# Blackpowder/Bow Shoot in Willard



## Bears Butt (Sep 12, 2007)

OK! It's time once again for the 4th of July Blackpowder shoot in Willard. I've had several bowmen/women show up in the past 3 or so years and they compete right along side the rifle shooters, so if you are a bow enthusiast, come on up. Actually the bow shooters have been winning a lot of prizes of late.

Anyway, the shoot consists of several different targets (I decide), begins at 1 p.m. sharp in a gravel pit above town...see the sign on highway 89...I provide some cold water and a porta potty. Cost is a measly $10 p/shooter and I will have some GREAT prizes donated by several local companies.

All proceeds go to the Willard City Volunteer Fire Department.

Last year I had 54 shooters and over 30 people watching the event! This years I expect more shooters and of course more "encouragement" participants. Everyone in attendance will be required to sign a waiver of liability from the land owner, but so what...no big deal.

We are mixing things up again this year, like usual, and will have some great targets to play with. How about a "ball split"? Shoot the edge of an ax and break two clay pigeons, one on each side of the ax! Easy squeezy!

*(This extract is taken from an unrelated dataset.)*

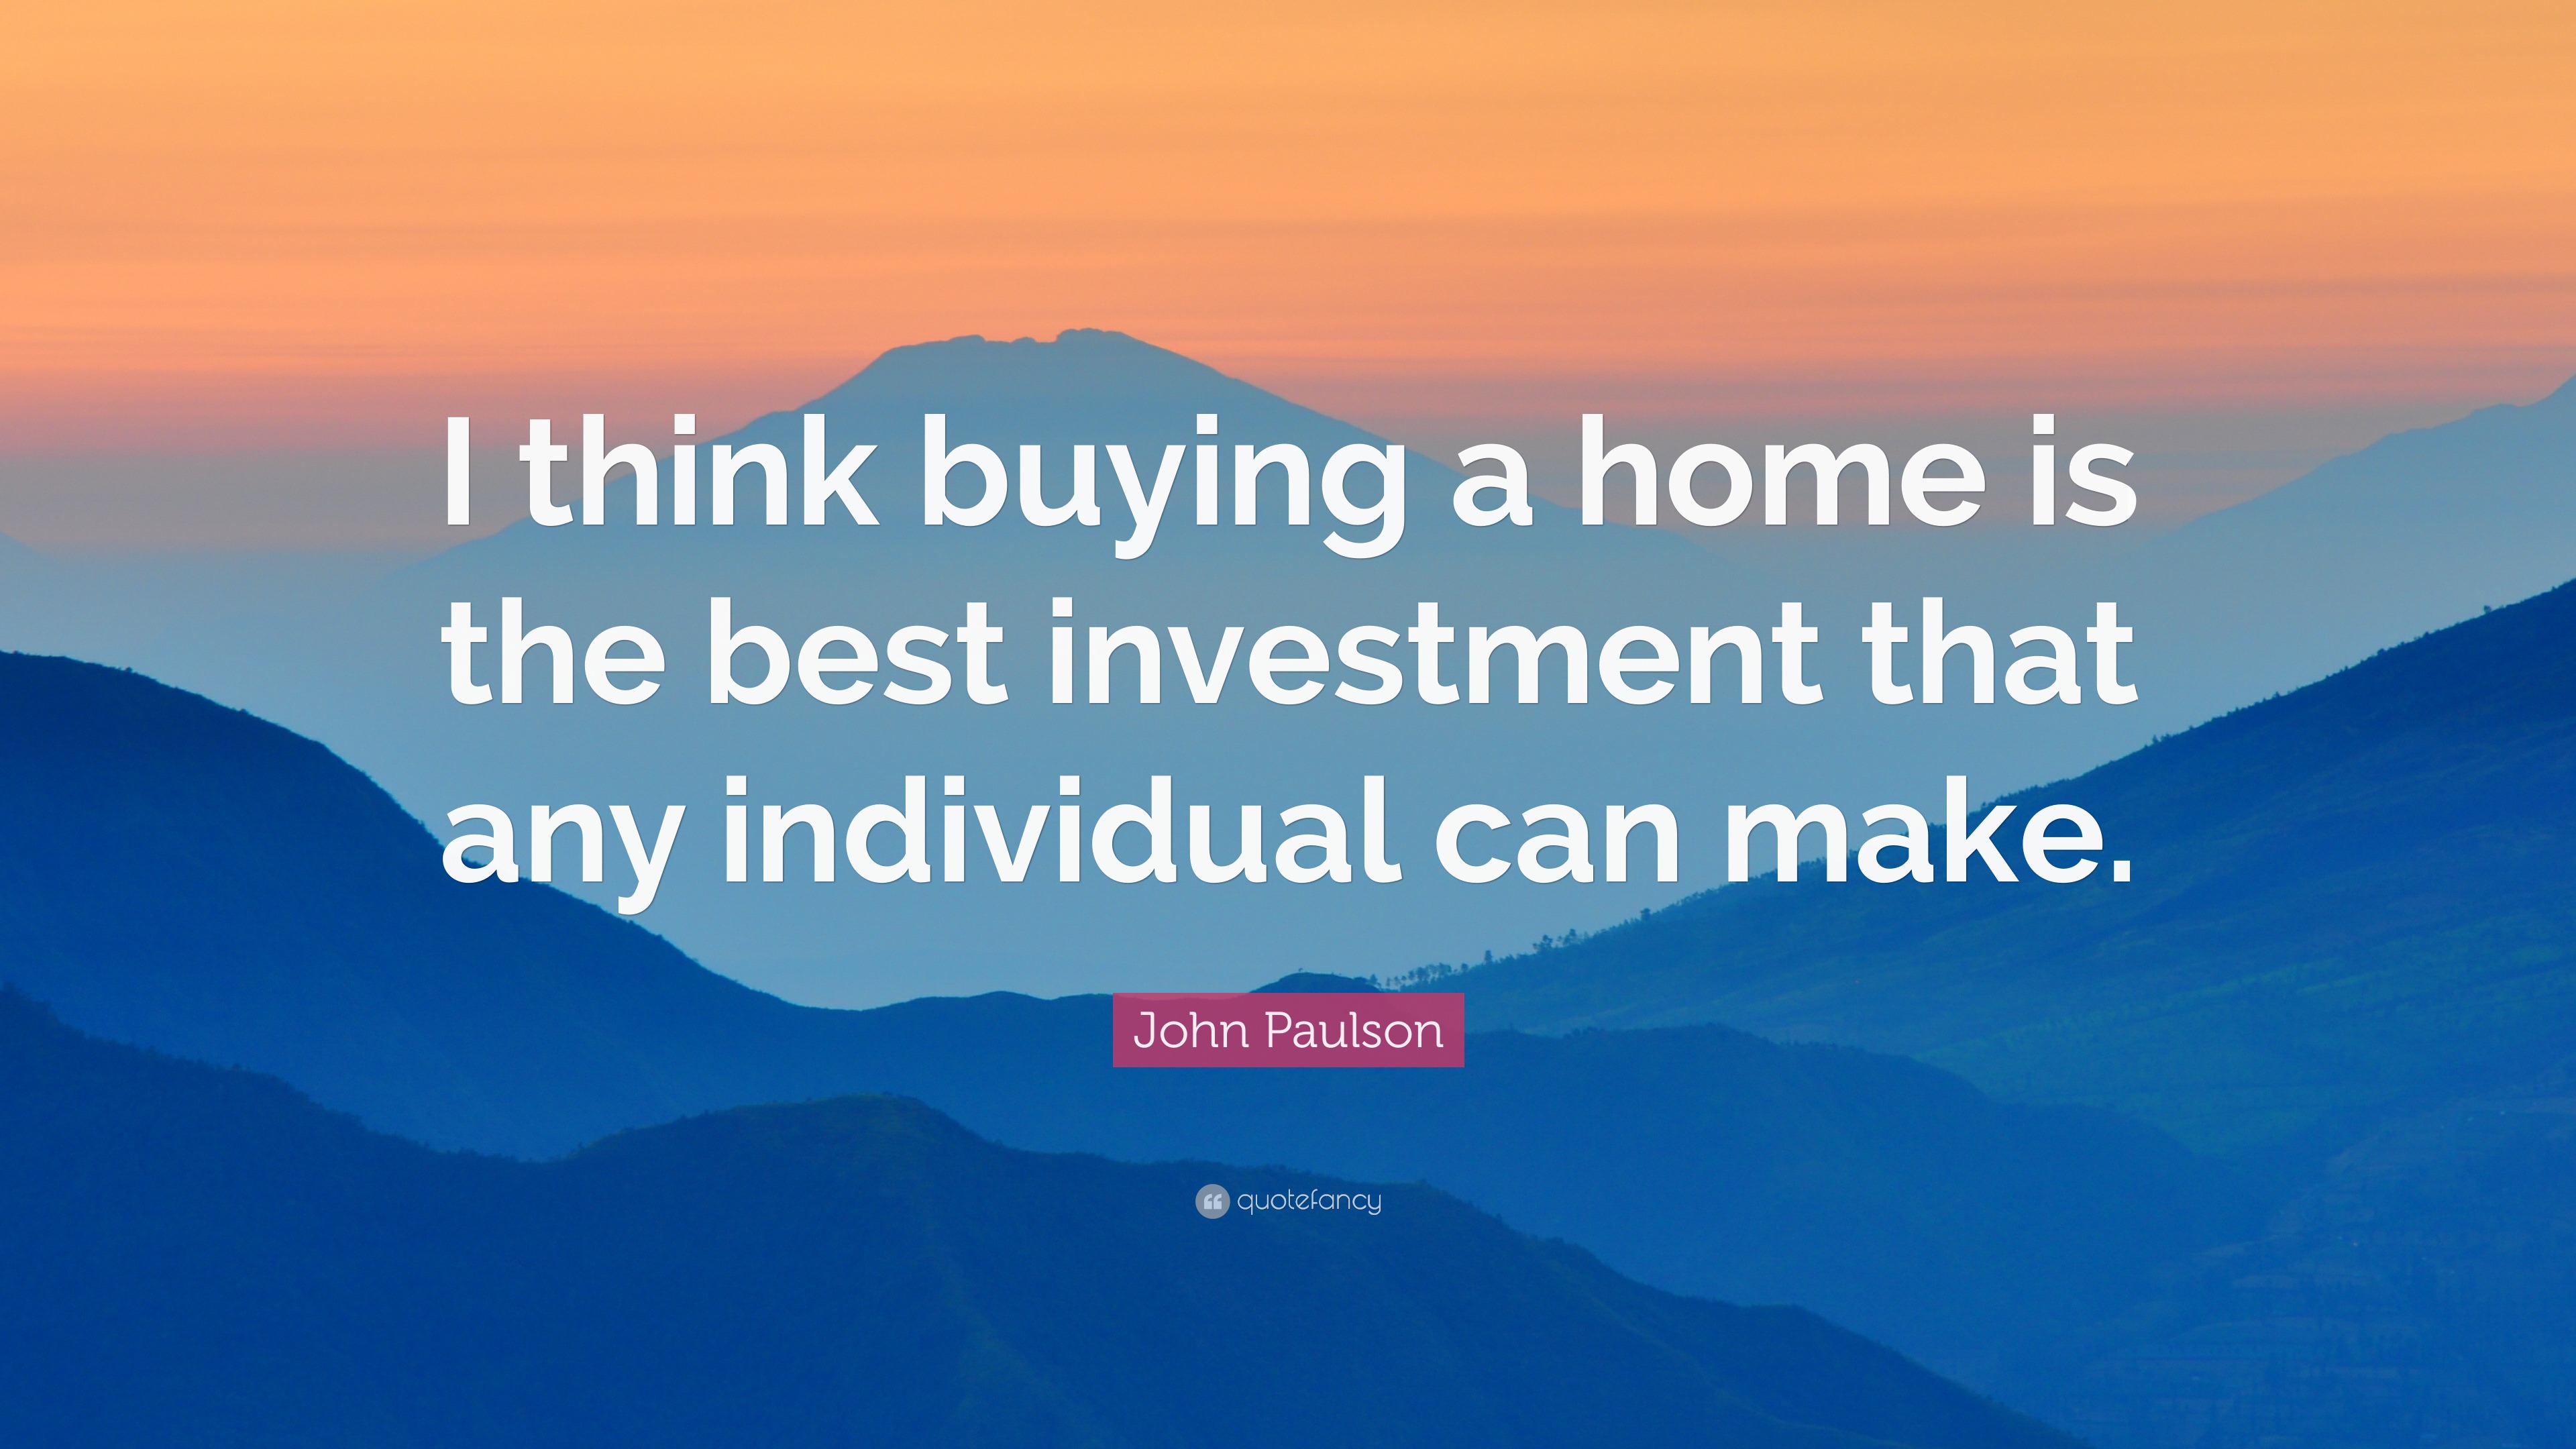 John Paulson Quote: “I think buying a home is the best investment that

Last year an archer hit the ax head directly and the crowd gave him the kill! Ruined his arrow but he won a very nice prize!

Hope to see you there!

OH! I forgot to mention...Archers need to bring their own backstop! My range is meant for blackpowder rifles/pistols and by the way, I don't care if you bring flintlocks/cap guns or modern day front stuffers, please no scopes however. They all work at my shoot and I also allow you to lay down, sit, use a tripod, the back of a chair, your buddies shoulder, whatever makes you shoot good. I encourage you to wear ear and eye protection, but that is your call. And keep in mind, It's not legal to consume alcohol at a shooting event in Box Elder County, just saying.


----------